_PROMPT_.
Find "Mock up logo for Let's Go Pichu sequel" in the material, then return exactly the line containing it and all lines after it to the end, leaving out pictures.

_DATA SHOWN_.

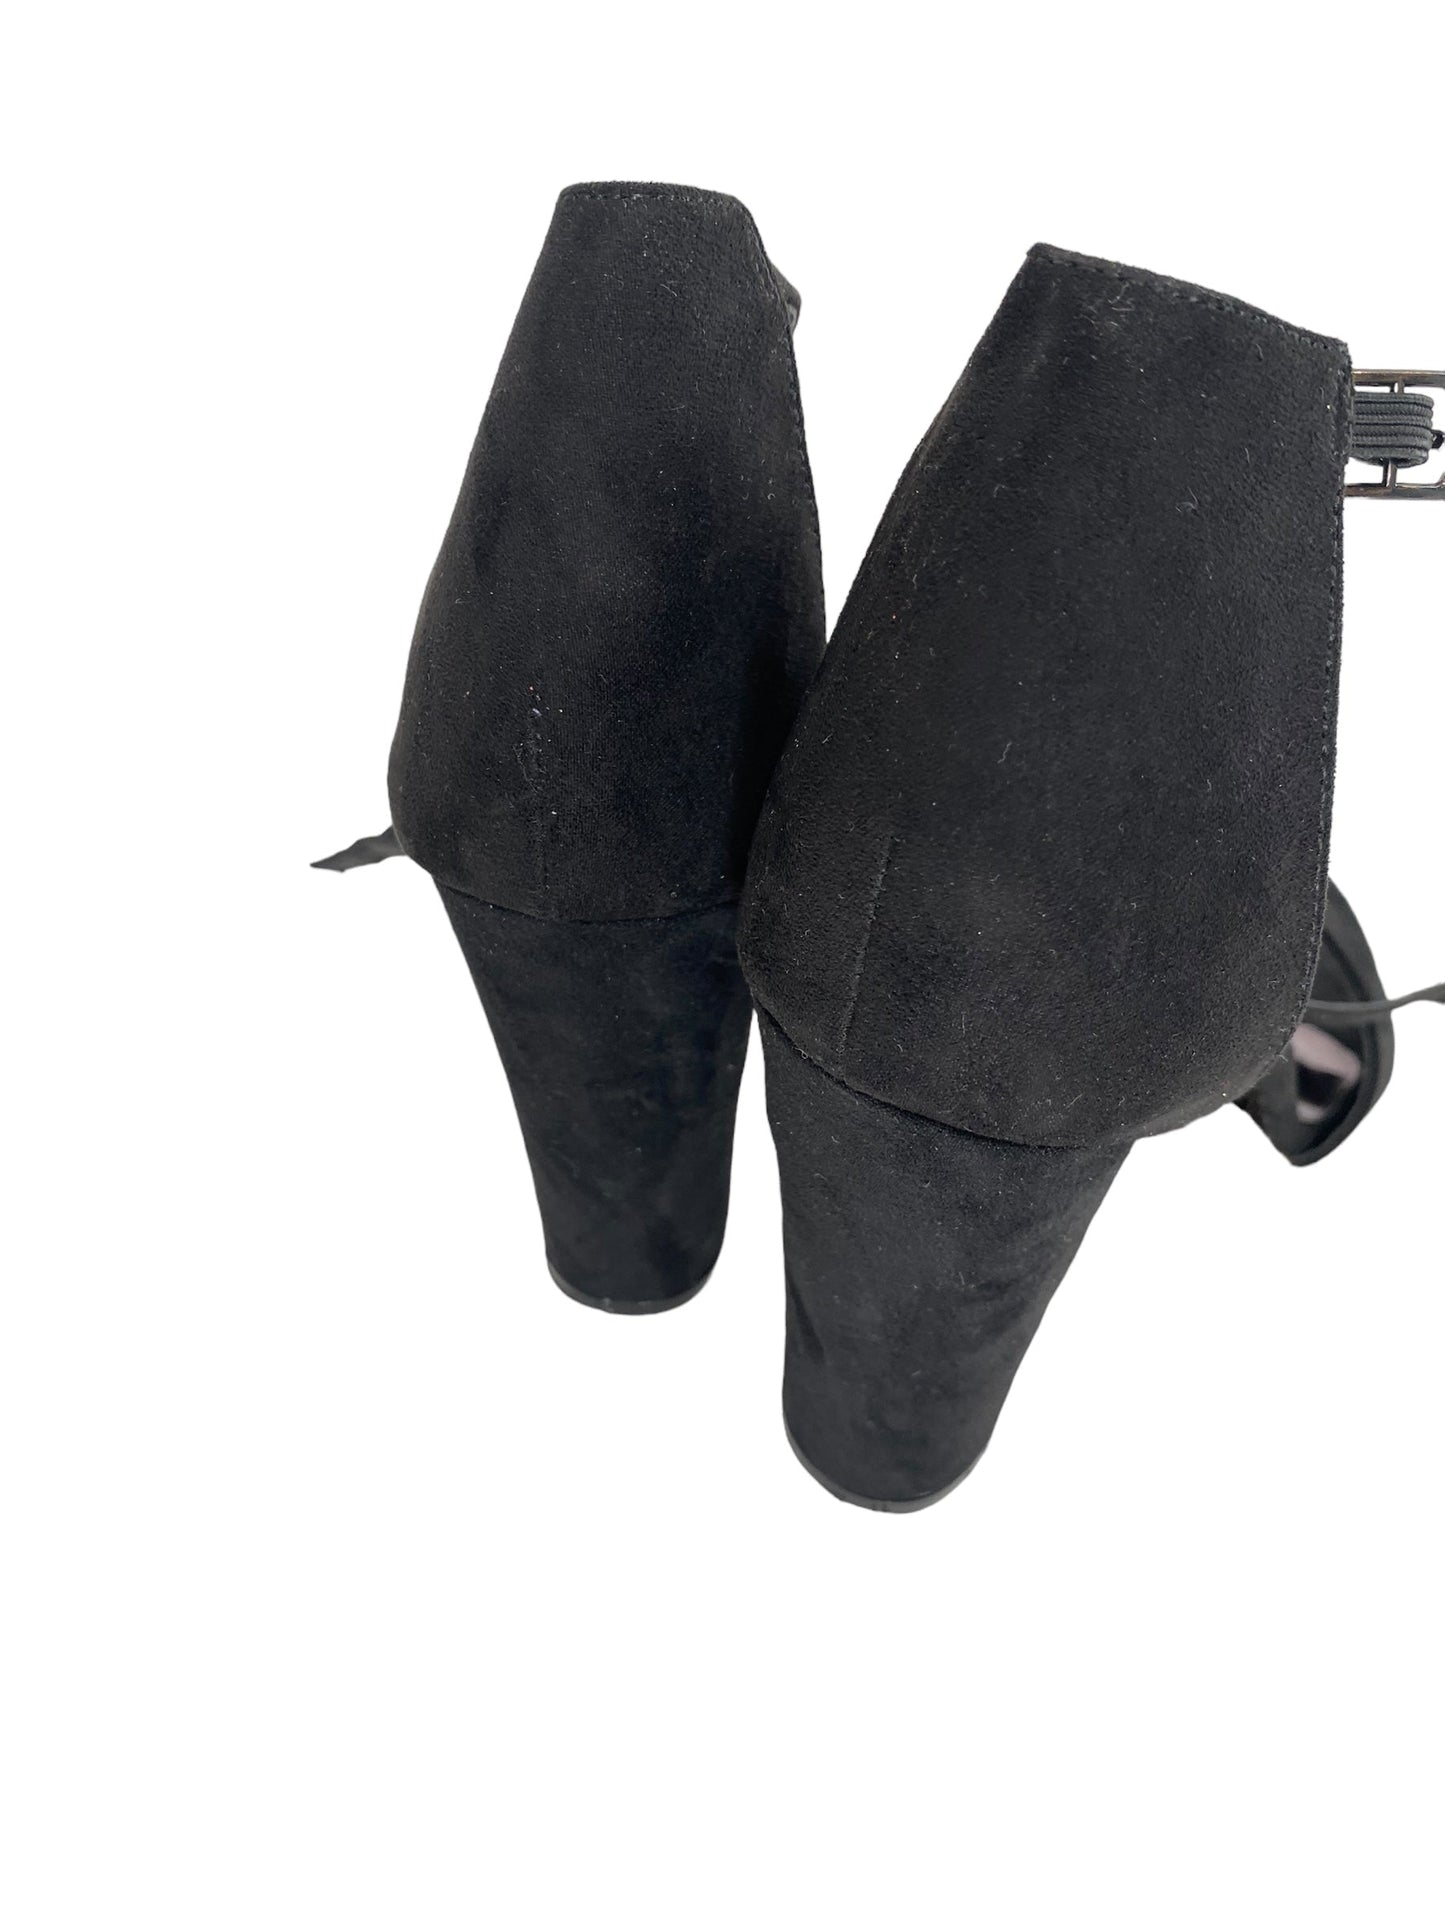 Black Shoes Heels Block Cmc, Size 8.5
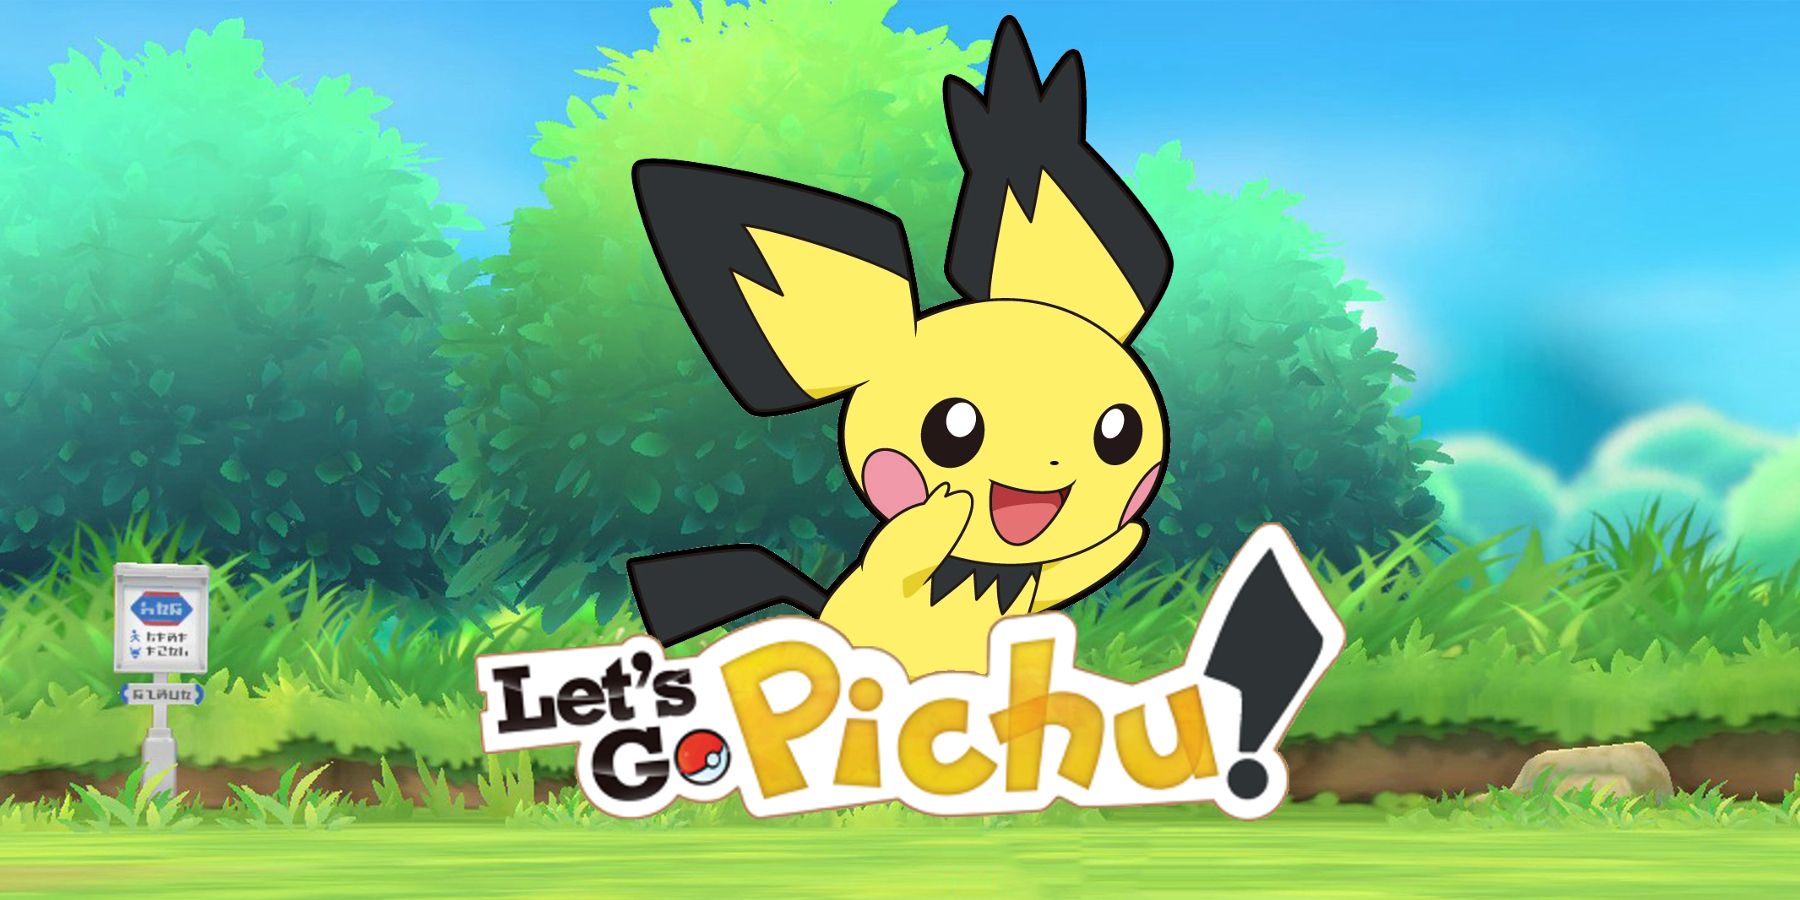 Mock up logo for Let's Go Pichu sequel
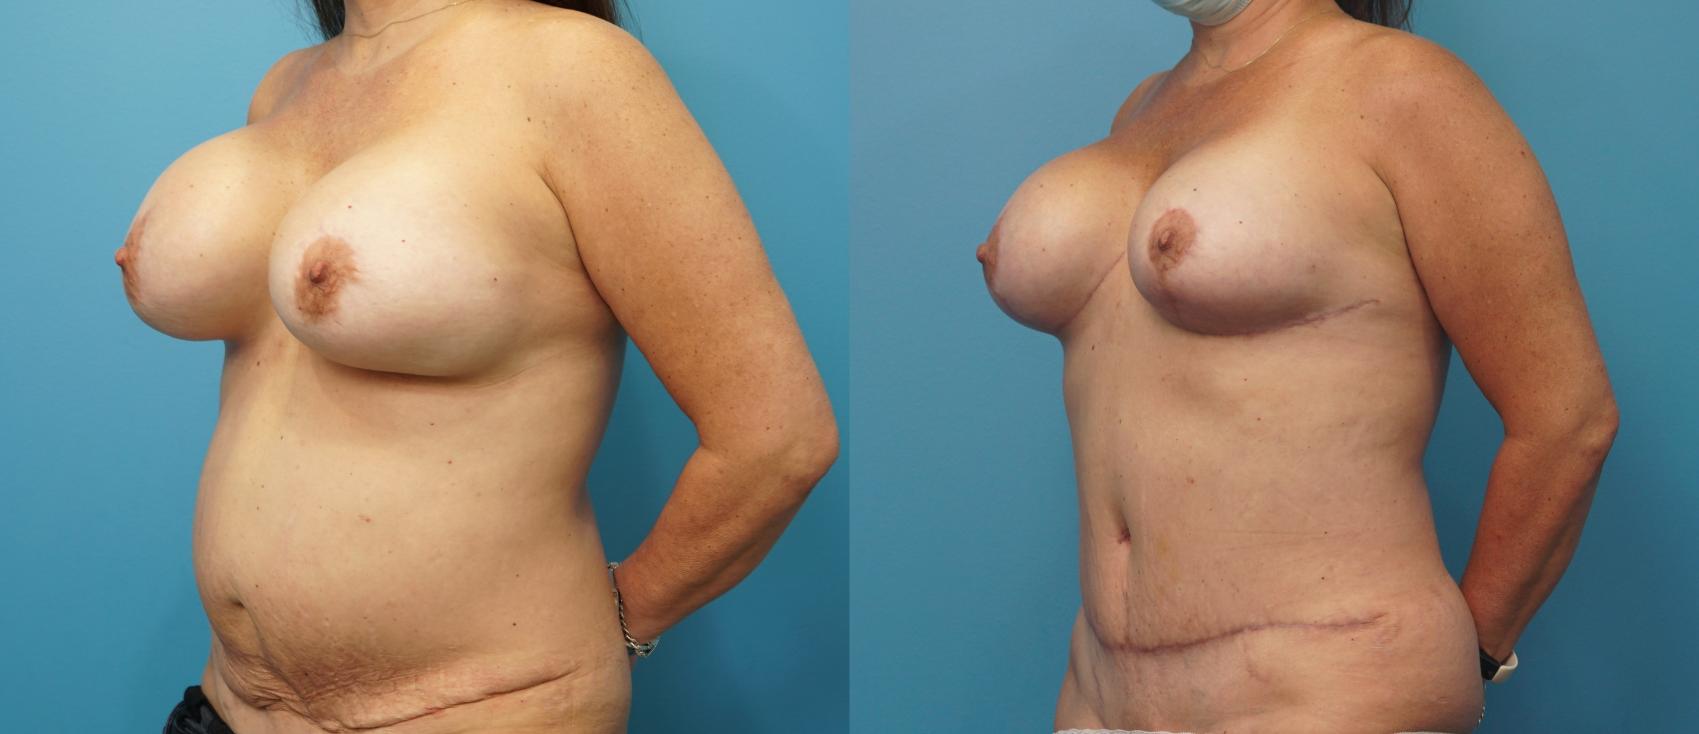 Before & After Abdominoplasty/Tummy Tuck Case 328 Left Oblique View in North Shore, IL

_TASK SOLUTION_.
 Mock up logo for Let's Go Pichu sequel
 Before & After Abdominoplasty/Tummy Tuck Case 328 Left Oblique View in North Shore, IL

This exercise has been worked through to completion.